Monday, July 30, 2007

"Religion Gone Bad: The Hidden Dangers of the Christian Right" by Mel White

I wanted to read this title because I have gay/lesbian friends in my life and because I, too, have been concerned by the political actions/leanings of several figures of late. This was an eye-opening work, but not in the way I expected.

Mostly Mr. White talks about the leaders of several fundamentalist Christian groups, men like Jerry Falwell, Pat Robertson, James Dobson, etc. These are the gurus that have been urging their flocks to vote for (or against, as the case may be) legislation they deem "immoral". Basically, this is anything that goes against a literal interpretation of the Bible, since fundamentalists believe the Bible is "inerrant" and that everything that is written in it are factual events. This would include things such as homosexuality being a sin, and that people engaging in that sort of "lifestyle" should be put to death (eventually - White is quick to point out that while that may be the ultimate goal of these groups, they're not crazy enough to try for it straight out of the gate).

Mr. White's interest in such things is personal; he's been out of the closet and in a committed relationship with his partner Gary for 25 years. Previously, he was married, had children, and was a pastor. He also waged war on a daily basis with his "sickness", trying to "cure" himself through therapy, electroshock, and various other devices. Obviously, he finally saw that he wasn't "sick", never had been, and that in denying who he was, he was also denying that God had made him that way. After coming out, he was ostracized and shunned by many of his former evangelical friends and peers. He also saw the growing danger to the gay and lesbian community by fundamentalist Christian groups, people who want several things changed to reflect "God's law", but seem to have an unhealthy obsession with denying basic rights to the homosexual community at large.

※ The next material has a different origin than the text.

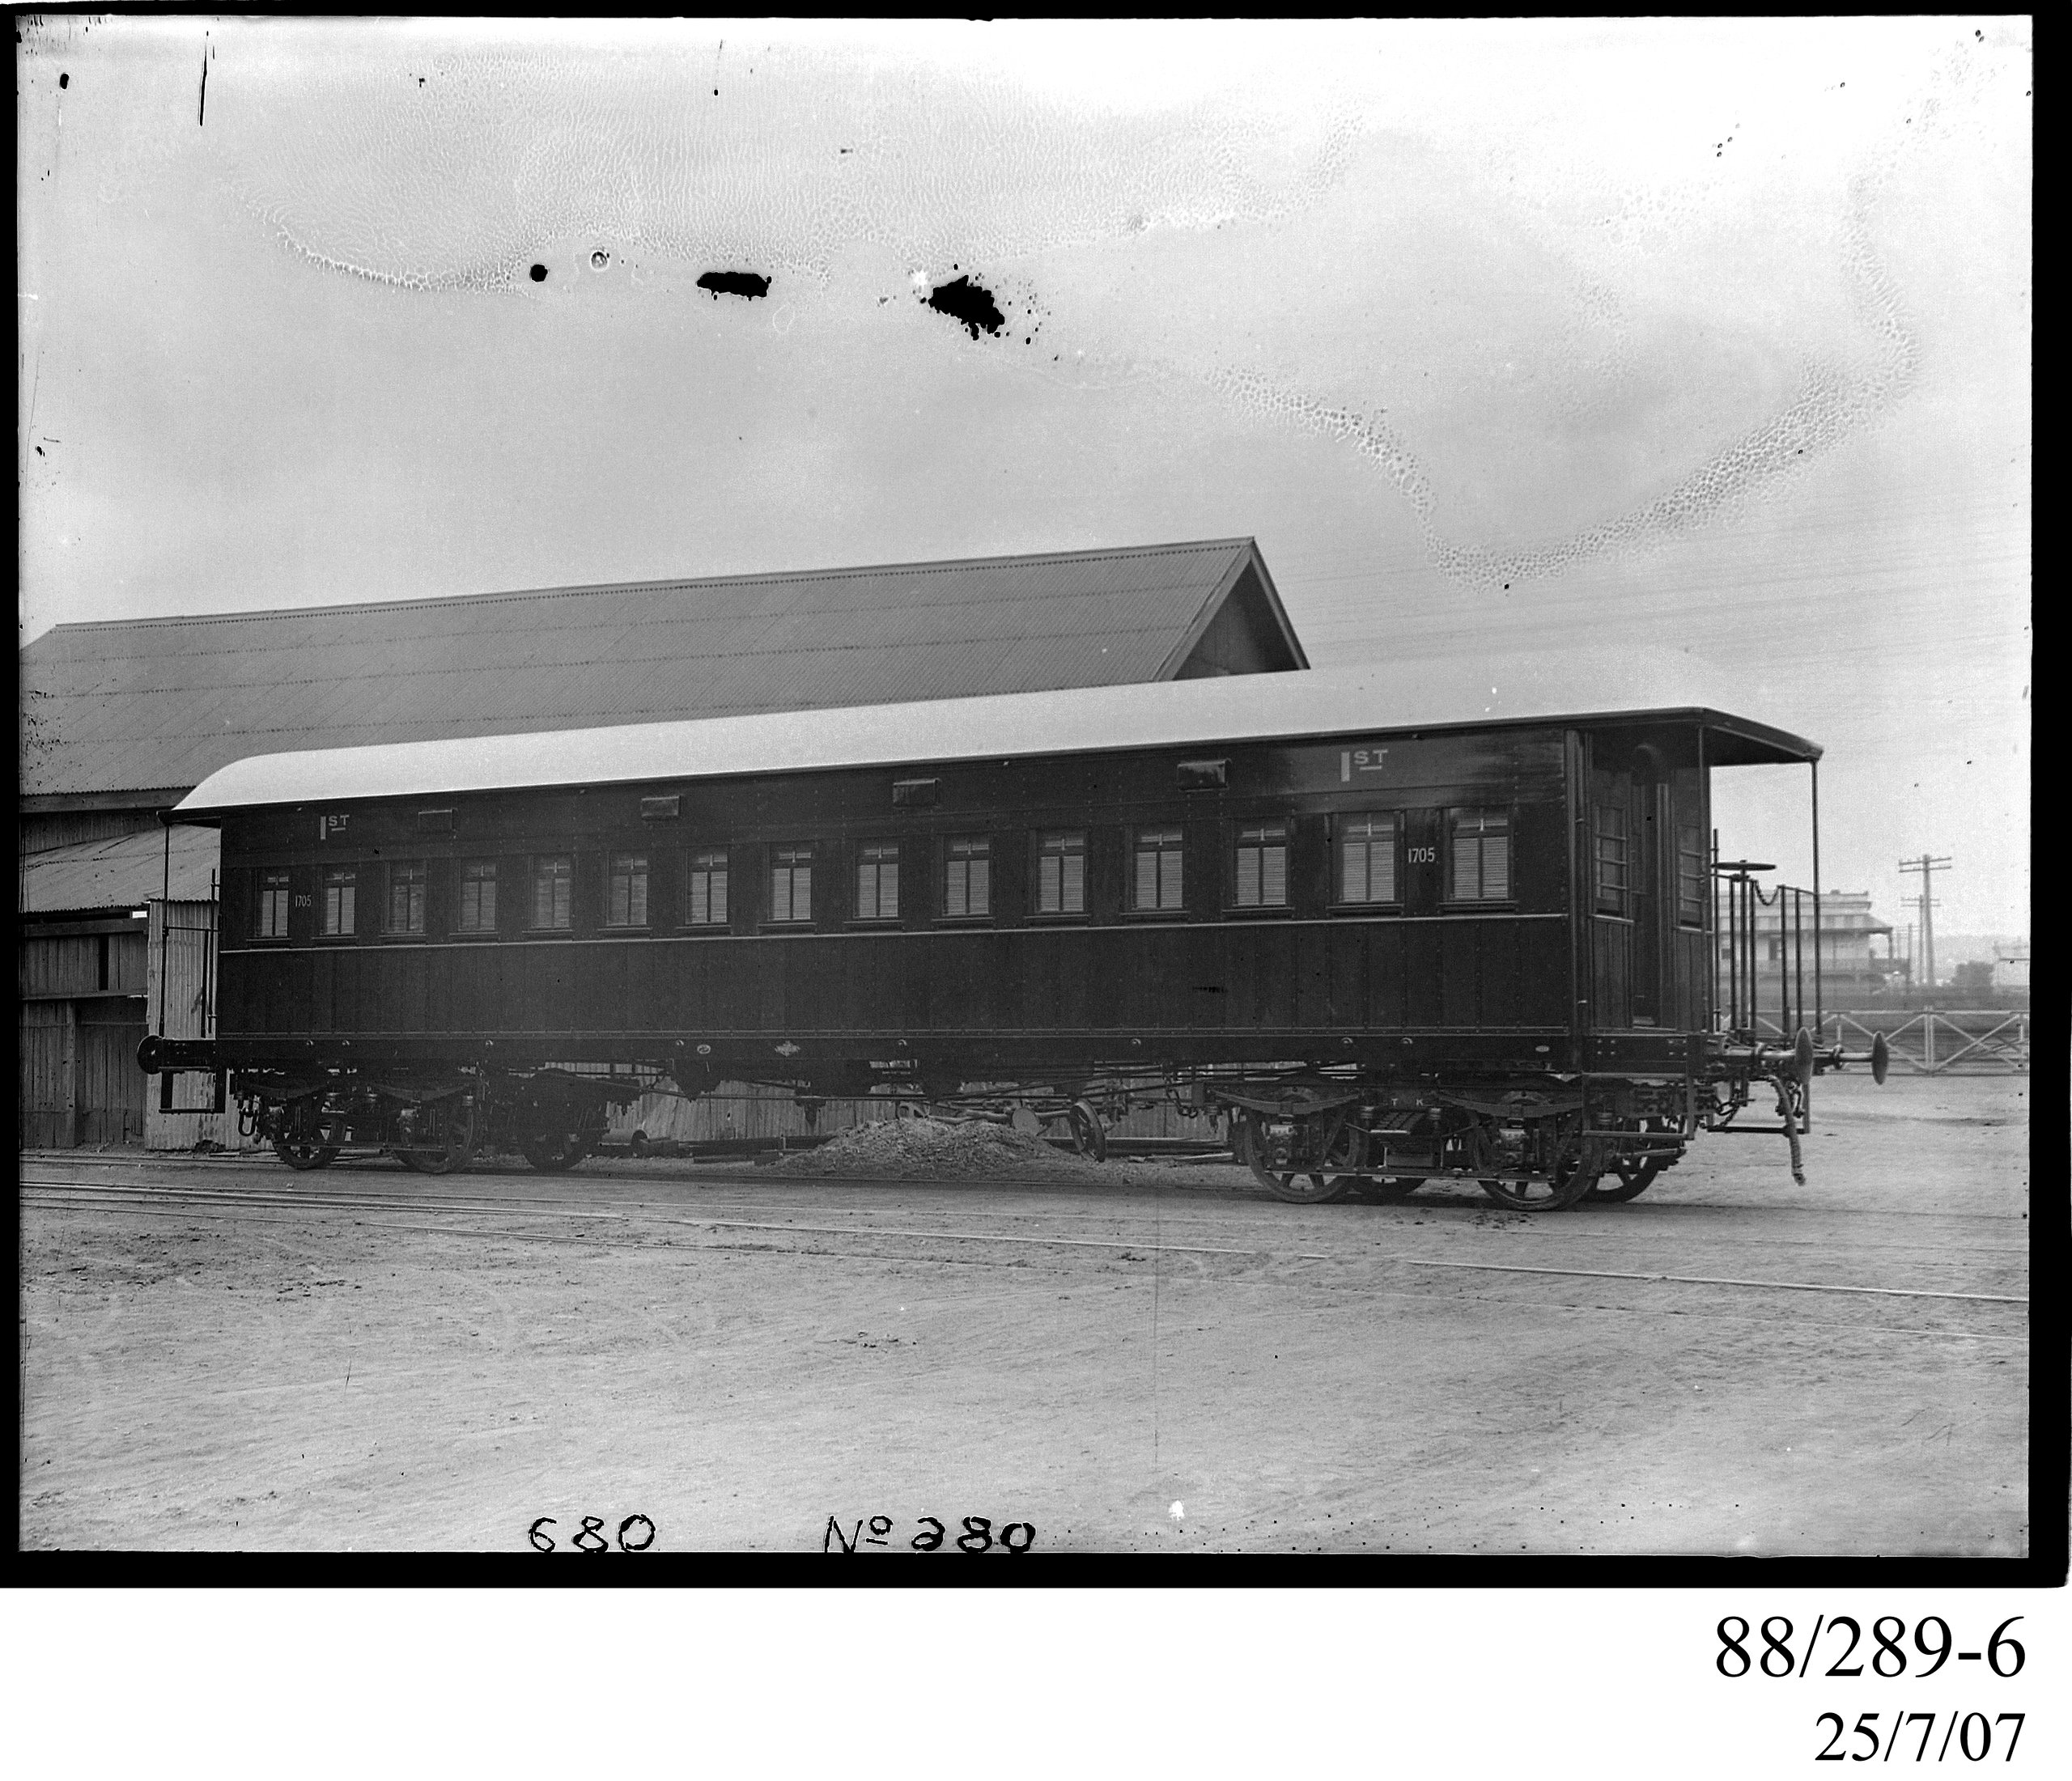 Glass plate negative of a railway carriage by Clyde Engineering

This book goes into great detail Mr. White's crusade to protect those rights, as well as pointing out several similarities between the American fundamentalist Christians and other fundamentalist groups. That part of the book is particularly disturbing, as the groups here have called for the death of such groups abroad (think Al Queda). Also, there's a whole section comparing the groups now to the groups that popped up in WWII, Hitler and fascist Germany as well as Italy. No, Mr. White doesn't go so far as to call anyone the new Hitler, but he does uncover some very disturbing similarities, which is probably inevitable; anytime you have one group of people trying to humiliate/destroy another group, there are bound to be similarities.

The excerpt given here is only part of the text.